L'usage le plus courant des vidéos d'IA : des plaisanteries absurdes

La montée de la génération de vidéos IA : entre créativité et dérives

La technologie de génération vidéo par intelligence artificielle (IA) connaît une évolution rapide, permettant à quiconque de créer des contenus visuellement impressionnants. Si certains l’utilisent pour innover, d’autres en abusent pour créer des farces douteuses ou des deepfakes. Les critiques s’alarment de ces utilisations qui pourraient engendrer désinformation et exploitation.

L’usage le plus courant des vidéos d’IA : des plaisanteries absurdes

Une vidéo sur TikTok suscite la controverse

Sur TikTok, une vidéo montrant une femme enterrant son chien dans la neige sur le mont Everest a choqué les utilisateurs. Bien qu’elle ait été réprimandée pour sa cruauté présumée, il s’est avéré que cette scène avait été entièrement générée par l’IA grâce au logiciel Sora 2 d’OpenAI.

Des farces inquiétantes se répandent

Les adolescents exploitent cette nouvelle technologie avec des blagues inappropriées. L’une d’elles consiste à faire croire à leurs parents qu’un homme sans-abri est entré chez eux en envoyant des images générées par l’IA. La police a même lancé un avertissement public contre ce type de comportement jugé « stupide et potentiellement dangereux ».

Des personnalités publiques telles que les enfants de Martin Luther King Jr. ou Robin Williams ont également exprimé leur dégoût face à ces manipulations numériques créant des vidéos faux-archives.
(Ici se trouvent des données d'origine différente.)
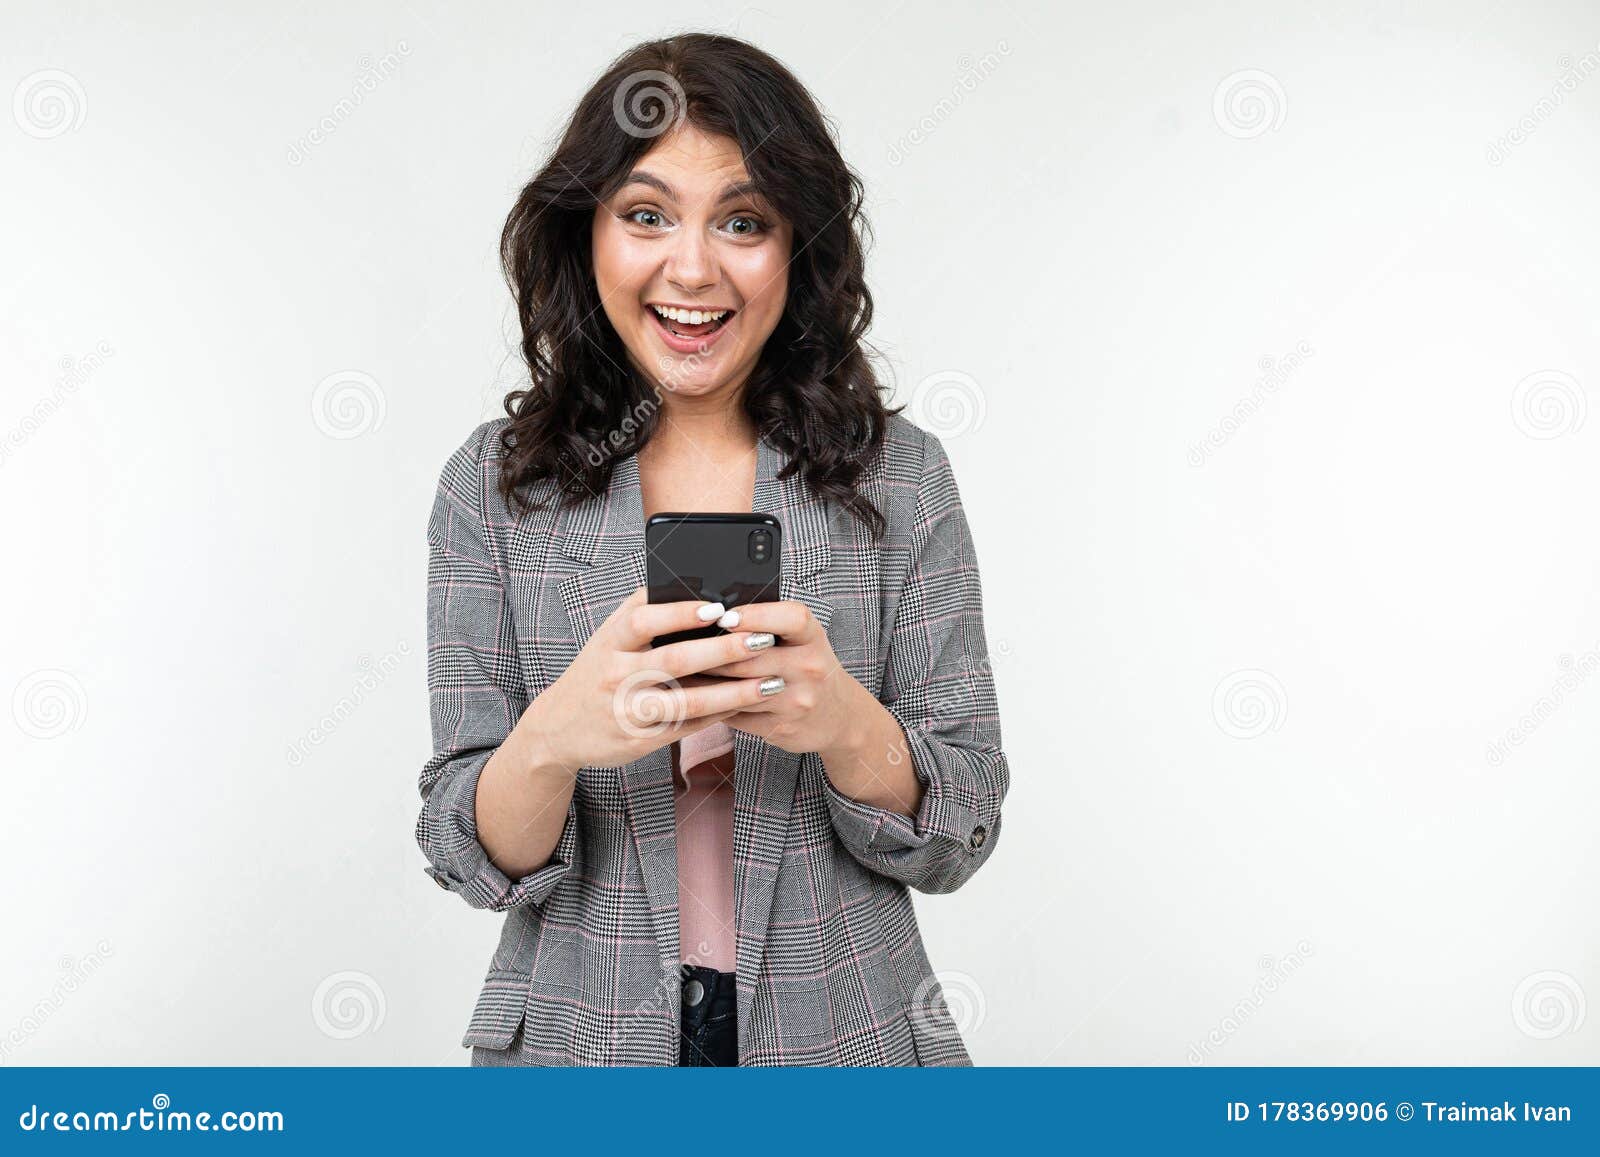 brunette girl smilingly looks into the smartphone display on a white studio background

L’évolution rapide de la technologie

Il y a peu encore, les vidéos générées par IA étaient peu convaincantes et facilement détectables. Aujourd’hui, des outils comme ceux développés par OpenAI jusqu’à Meta permettent à n’importe quel utilisateur de produire du contenu trompeur avec une grande aisance. Selon Henry Ajder, expert en IA : « C’est un moteur parfait pour une nouvelle ère de mèmes ». Parallèlement, cette simplicité dans la création conduit aussi à un phénomène où viralité rime avec légèreté souvent au détriment du fond.

Le danger latent derrière les tendances virales

Hany Farid, professeur à Berkeley souligne que le véritable problème réside non seulement dans l’algorithme mais également dans le comportement humain qui favorise ce type de contenu superficiel sur les réseaux sociaux : « D’une certaine manière, ce n’est pas un problème algorithmique, c’est un problème humain ». La rapidité avec laquelle ces vidéos sont partagées peut rendre difficile leur évaluation critique avant qu’elles deviennent virales.
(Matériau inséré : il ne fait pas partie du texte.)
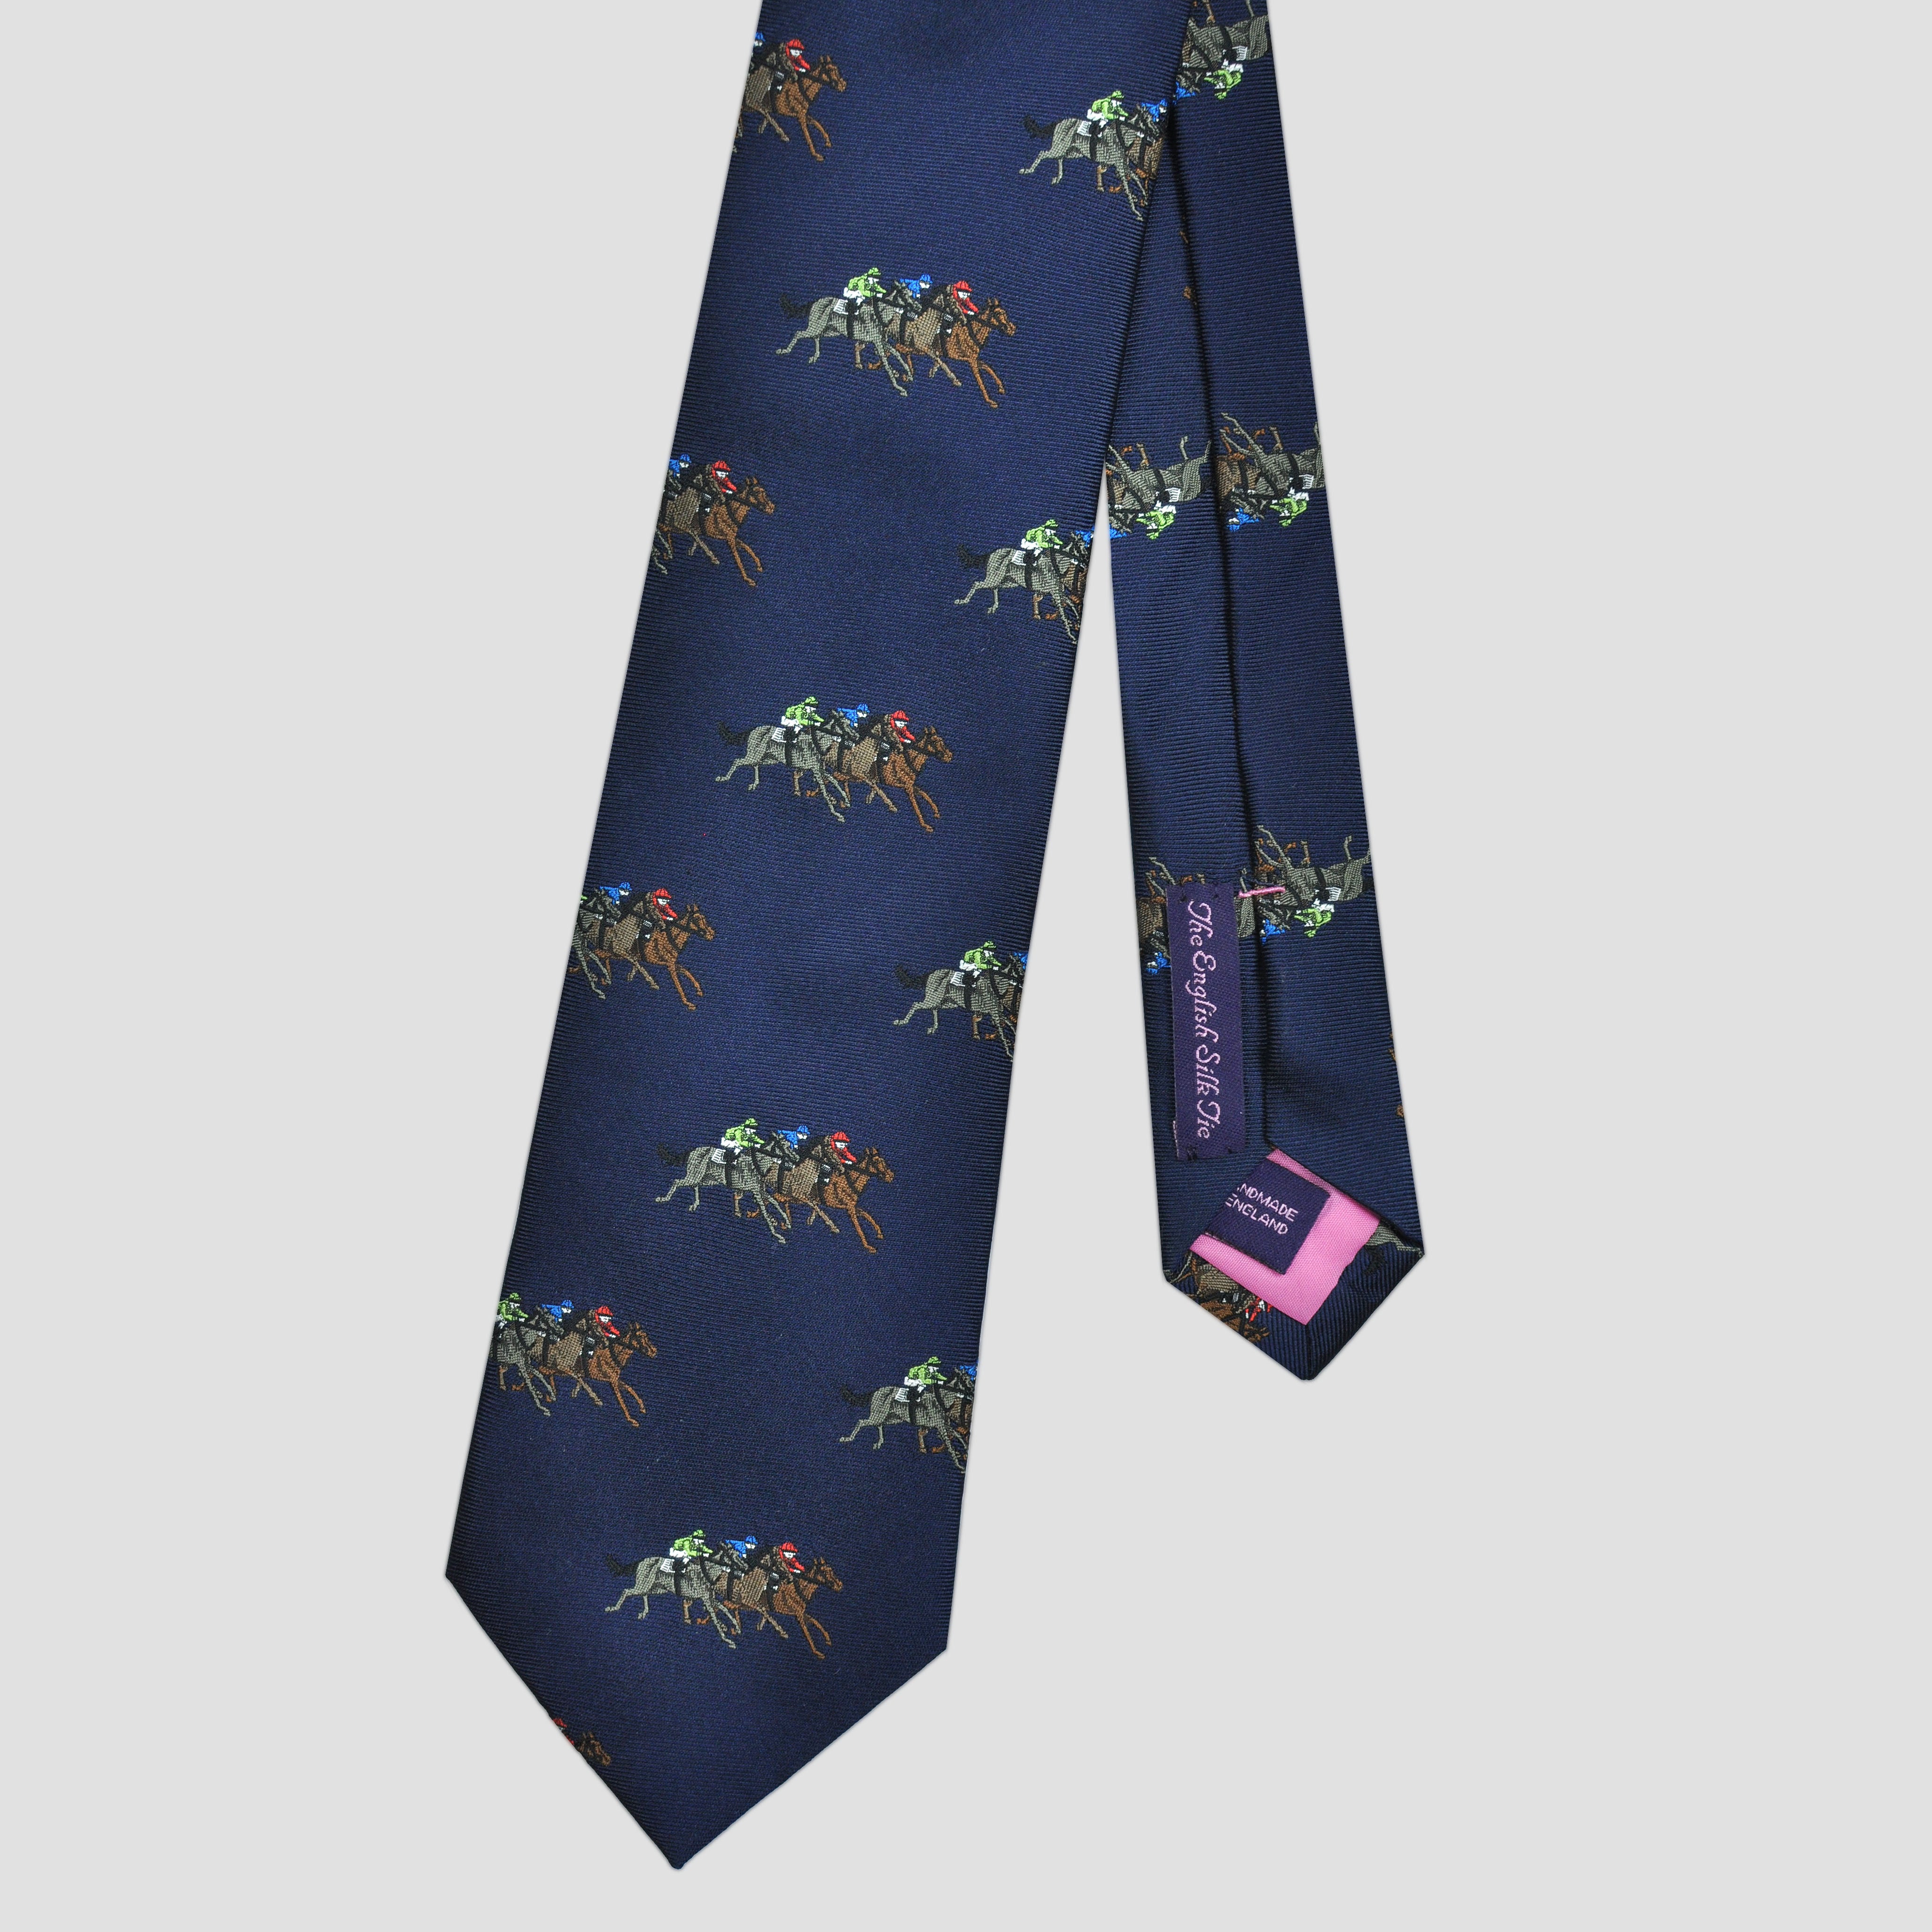 English Woven Silk 'At The Races' Tie in Navy

De plus, Olivia Gambelin, éthicienne spécialisée en IA met en question l’absence d’éthique au sein même des développeurs qui abandonnent le choix aux utilisateurs concernant comment utiliser ces technologies : « C’est comme s’ils disaient… Vous trouvez quelque chose à voir avec ça ».

Vers une banalisation du contenu généré

Alors que ces créations numériques continuent à envahir notre espace médiatique, certains experts prévoient que leur effet pourrait bientôt diminuer. Farid ajoute qu’« autrement dit… ce qui ne prendra pas longtemps » pourrait révéler leur nature plate et creuse once the novelty wears off.

Finalement, si le divertissement est indéniable grâce aux capacités technologiques actuelles – imitant tout depuis les exploits physiques jusqu’à des animaux amusants –, cela soulève néanmoins une réflexion essentielle sur leur place future dans nos vies quotidiennes où seules l’émotion authentique peuvent captiver nos attentions durables.

Passionné de sport et grand fan de la NBA je m’intéresse autant aux grands événements internationaux qu’aux histoires humaines qui se jouent en coulisses. Curieux et amateur de voyages, j’aime transmettre l’énergie et les émotions qui font vibrer le monde du sport.